Dataset excerpt Block Start
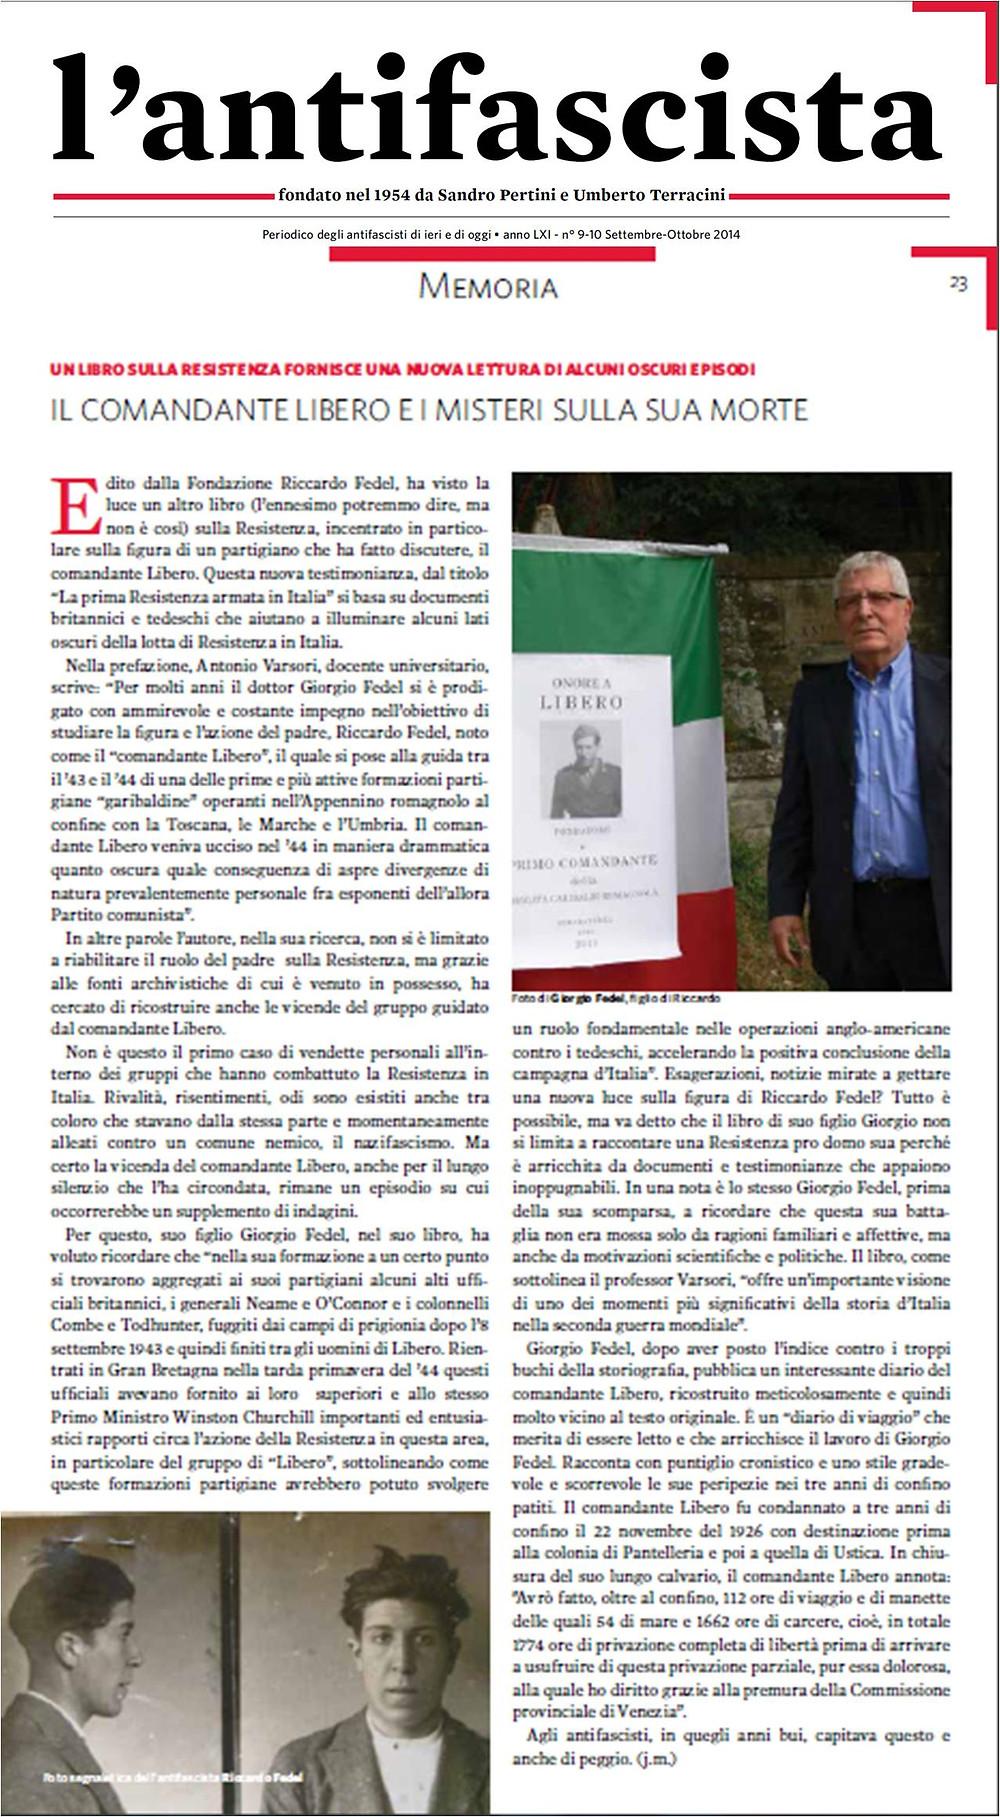 L'antifascista- recensione saggio Giorgio Fedel.jpg
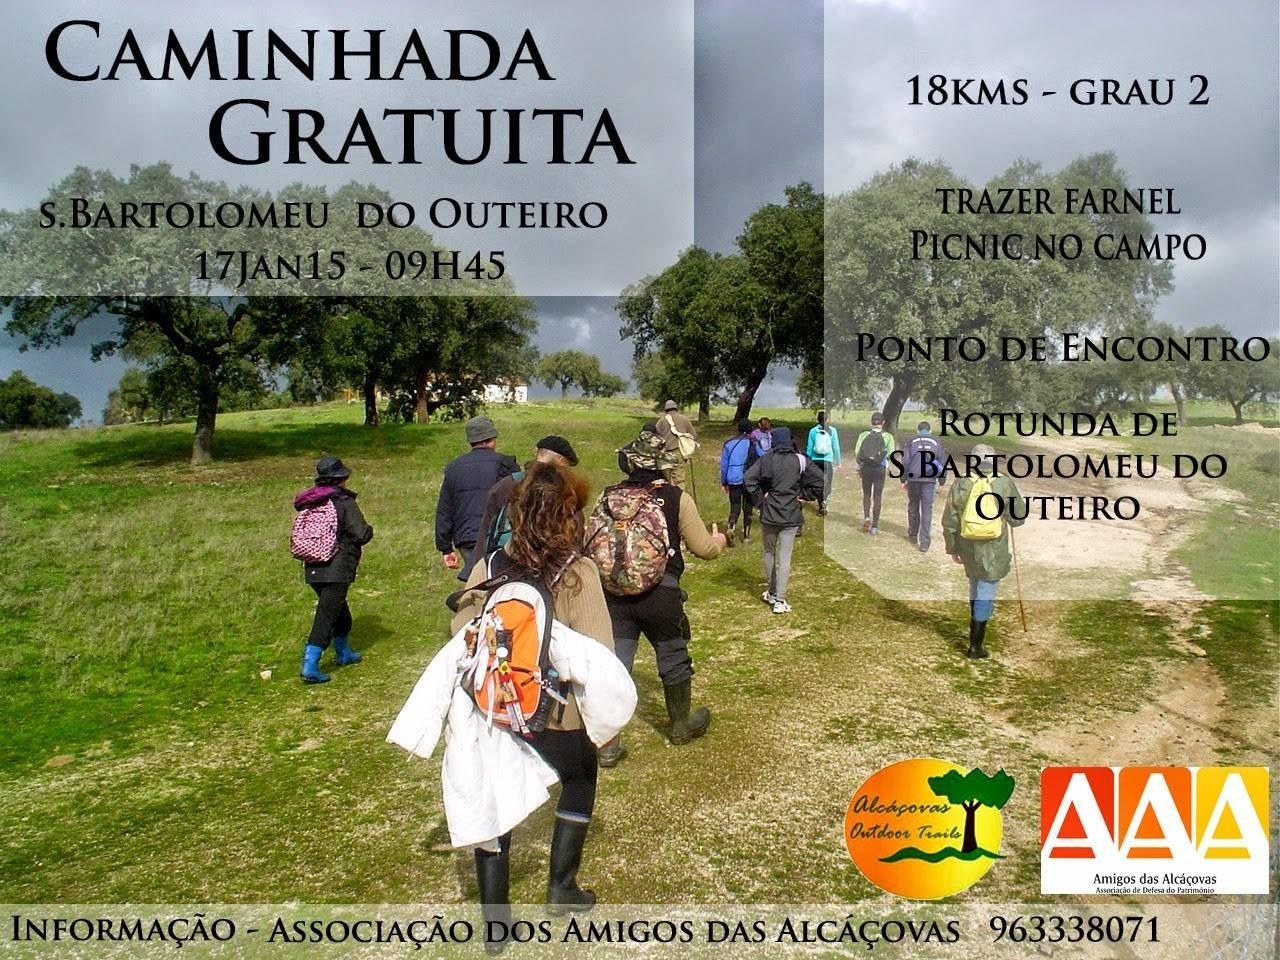 Alcáçovas_Outdoor_Trails_caminhada.jpg
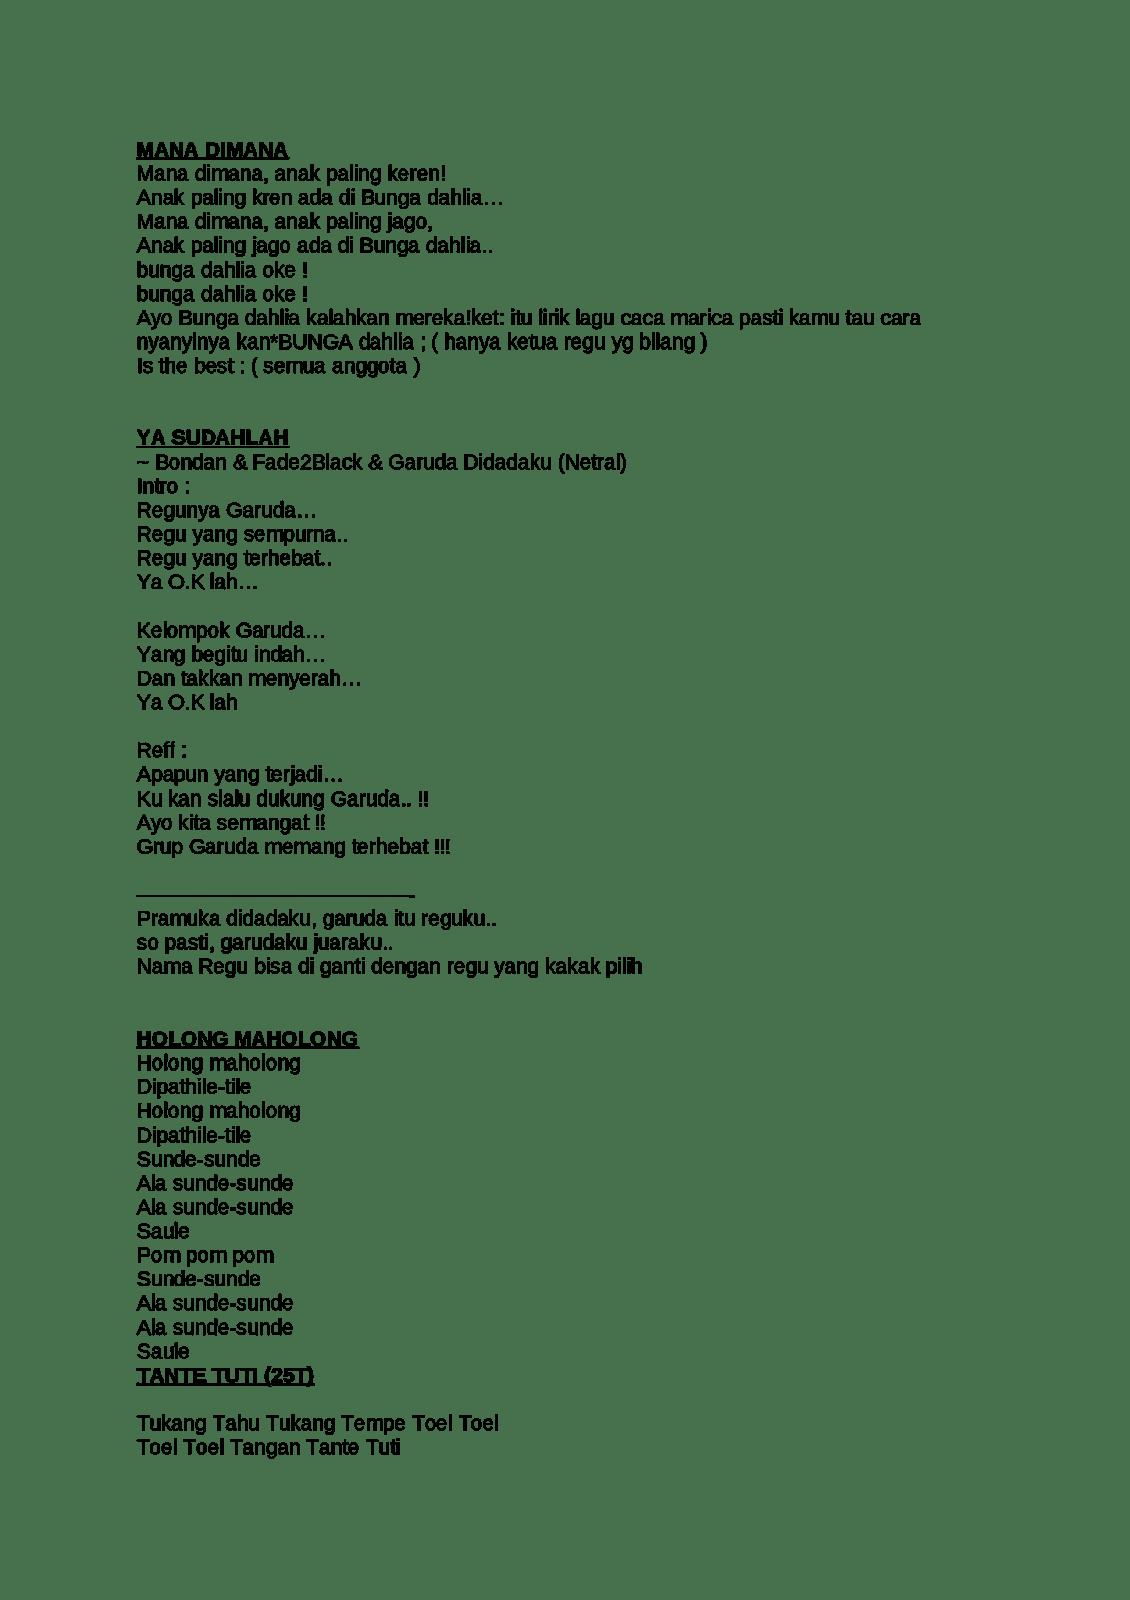 Contoh Lirik Yel Yel Lucu : contoh, lirik, Kelompok
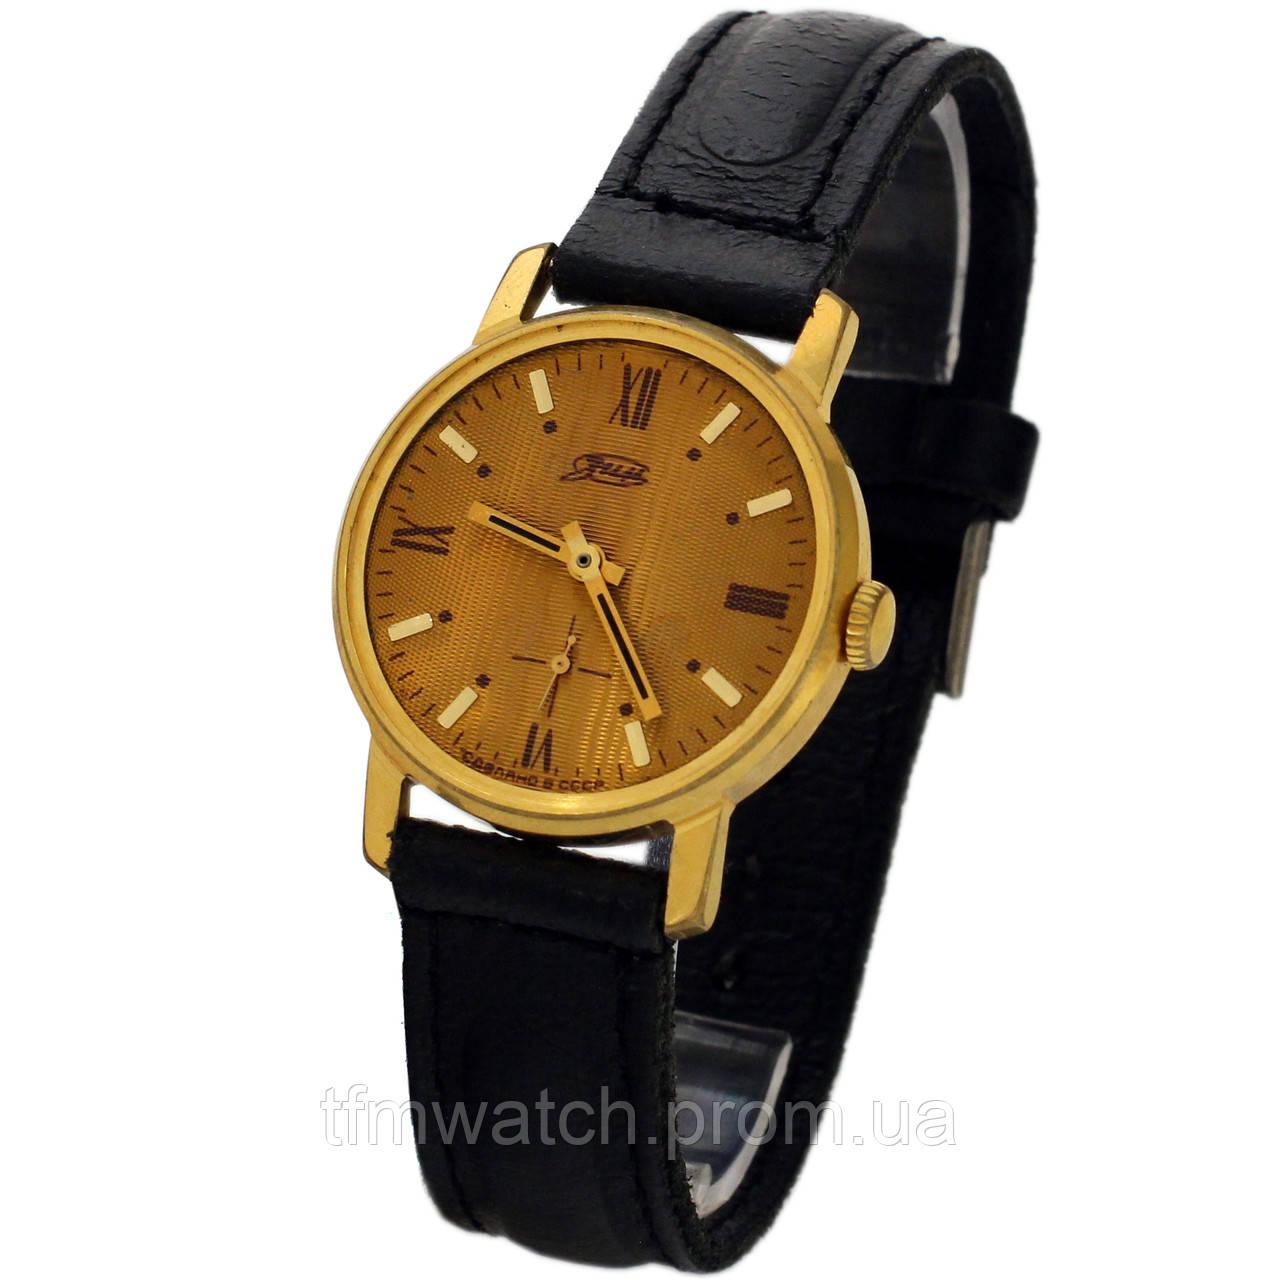 Позолоченные продать часы часы картье продать как
Dataset excerpt Block End
Your reply must match the data above line for line, except that it holds no pictures.

 L'antifascista- recensione saggio Giorgio Fedel.jpg
 Alcáçovas_Outdoor_Trails_caminhada.jpg
 Contoh Lirik Yel Yel Lucu : contoh, lirik, Kelompok
 Позолоченные продать часы часы картье продать как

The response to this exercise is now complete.